È quella materia che non serve a niente, ma, nello stesso tempo, serve a tutto: qualsiasi cosa mi riserverà il futuro, l’amore per il sapere, con tutte le sue mille facce, segnerà sempre il nord della mia bussola.
Mi piace camminare, ma ancora di più mi piace pedalare. Anche se la mia bici prende più polvere che aria e non sono per niente una ciclista provetta, continuo a far tesoro di ogni sensazione provata in sella.
Niente come la bicicletta ha saputo insegnarmi l’esistenza.

Scrivo.
Qui, che è lo spazio nel quale dare libero sfogo a ciò che mi piace, mi colpisce e mi dà motivi per pensare o per emozionarmi. Nato nel settembre 2016, questo blog è il mio “café virtuale” in perenne evoluzione, in cui si parla di un po’ di tutto – ma con l’occhio sempre posato su una corsa ciclistica.

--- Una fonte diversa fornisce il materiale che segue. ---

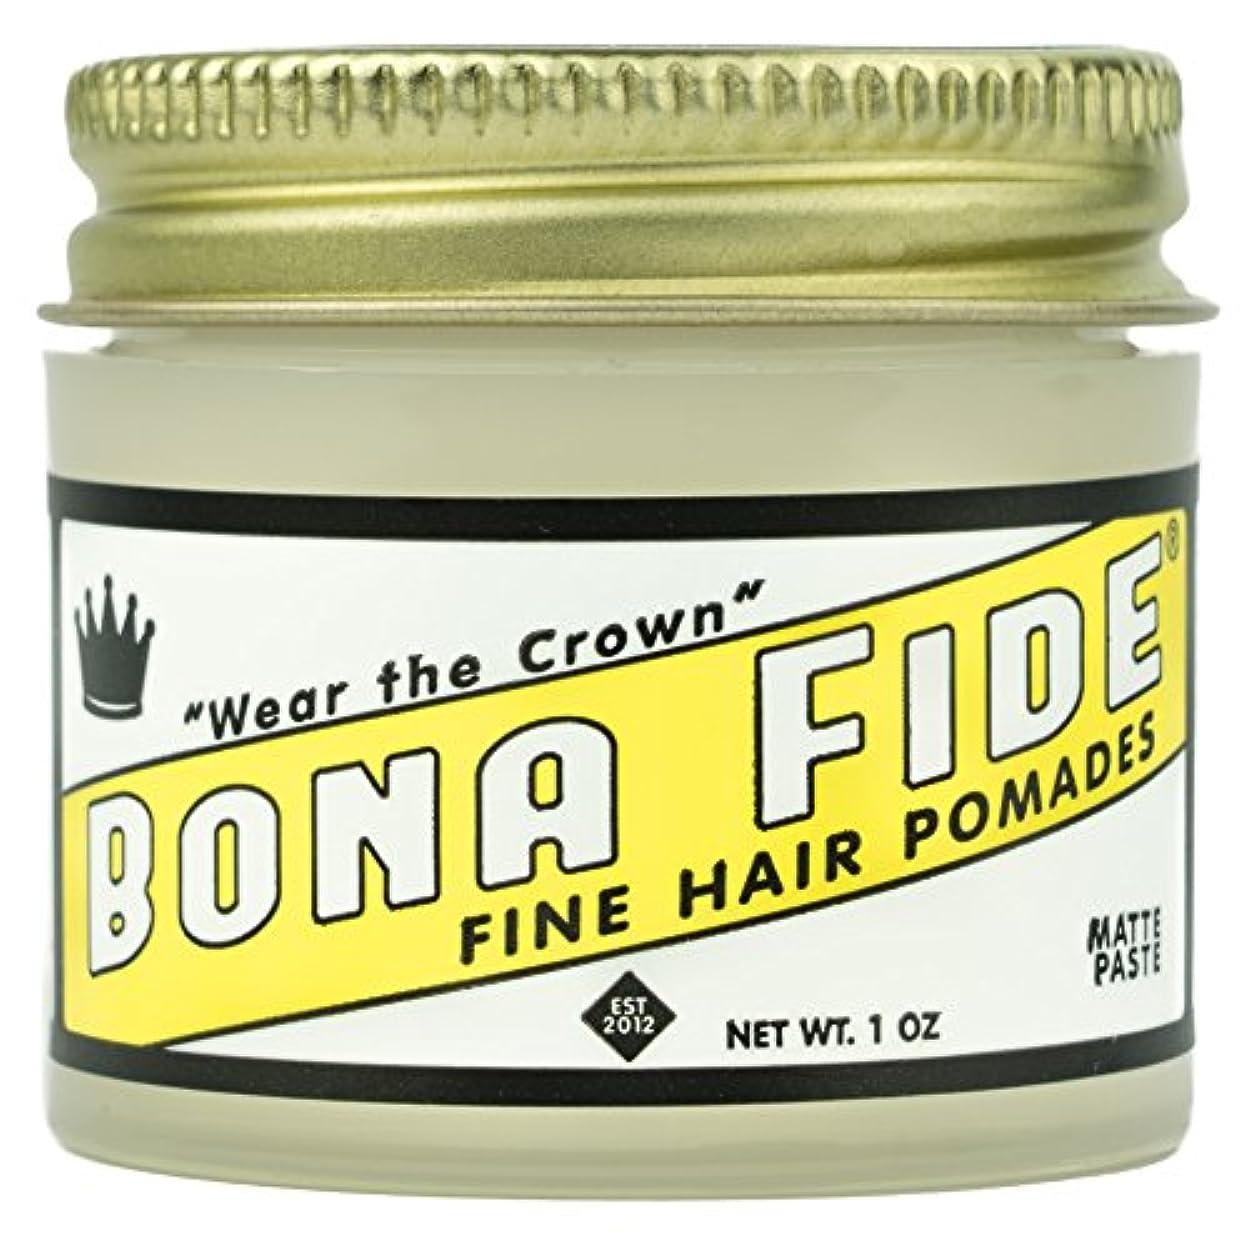 シガレット素晴らしい良い多くの出席Bona Fide Pomade, マットペースト 1oz (28g) / トラベルサイズ,水性/グリース

Collaboro con una testata giornalistica e ho cominciato a pedalare sulla strada della comunicazione web e social di piccole realtà locali.

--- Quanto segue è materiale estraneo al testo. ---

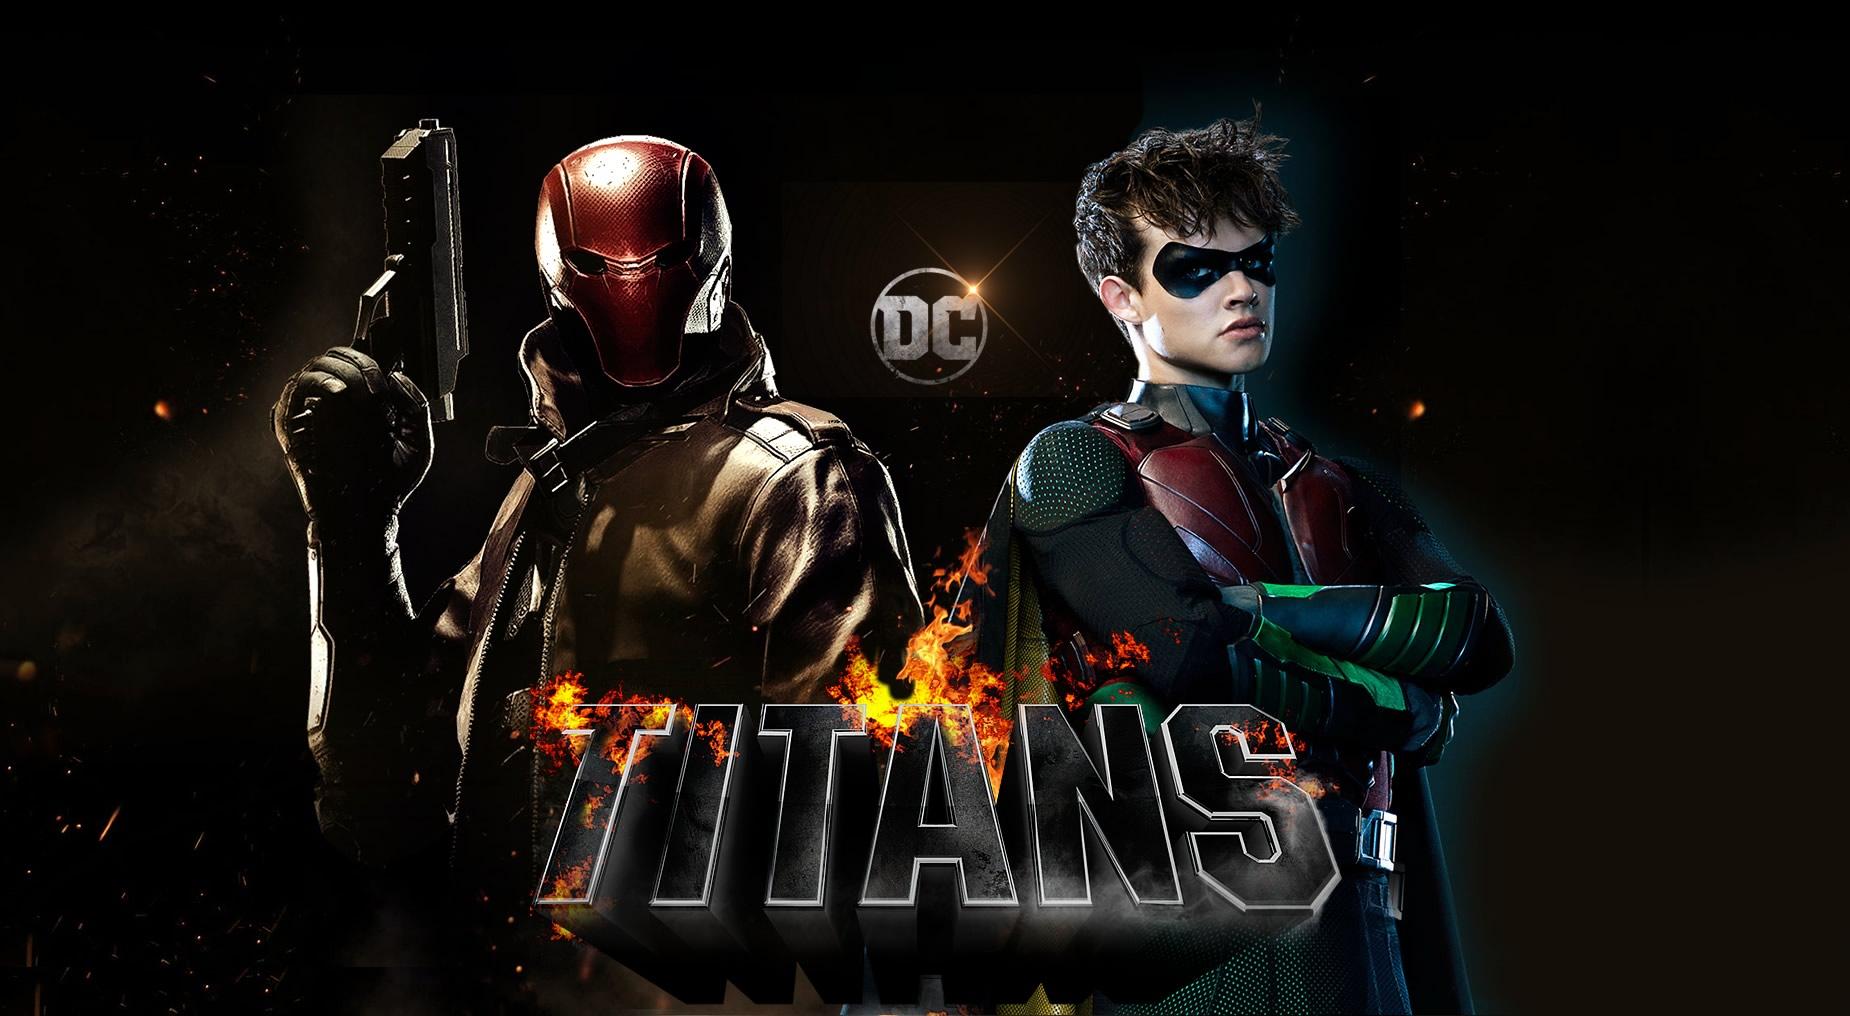 Titans Terceira temporada terá a volta de Jason Todd como Capuz Vermelho

(Ah, sì. Nel cassetto, poi, ci sono almeno un romanzo e una raccolta di poesie.)
Fotografo.
Qui. Dico sempre che mi piacerebbe avere una macchina fotografica nella testa per poter fermare soprattutto quegli istanti nei quali è impossibile utilizzarla. Con quella vera, con il suo peso sulle spalle, mi piace sbirciare i visi degli altri, raccogliere i dettagli o farmi sorprendere da chi incrocia il mio sguardo nascosto dall’obiettivo. Da lì dietro mi sembra di poter accedere a qualcosa di ancora più intimo, persino quando ci sono occhi che sfuggono alla presa.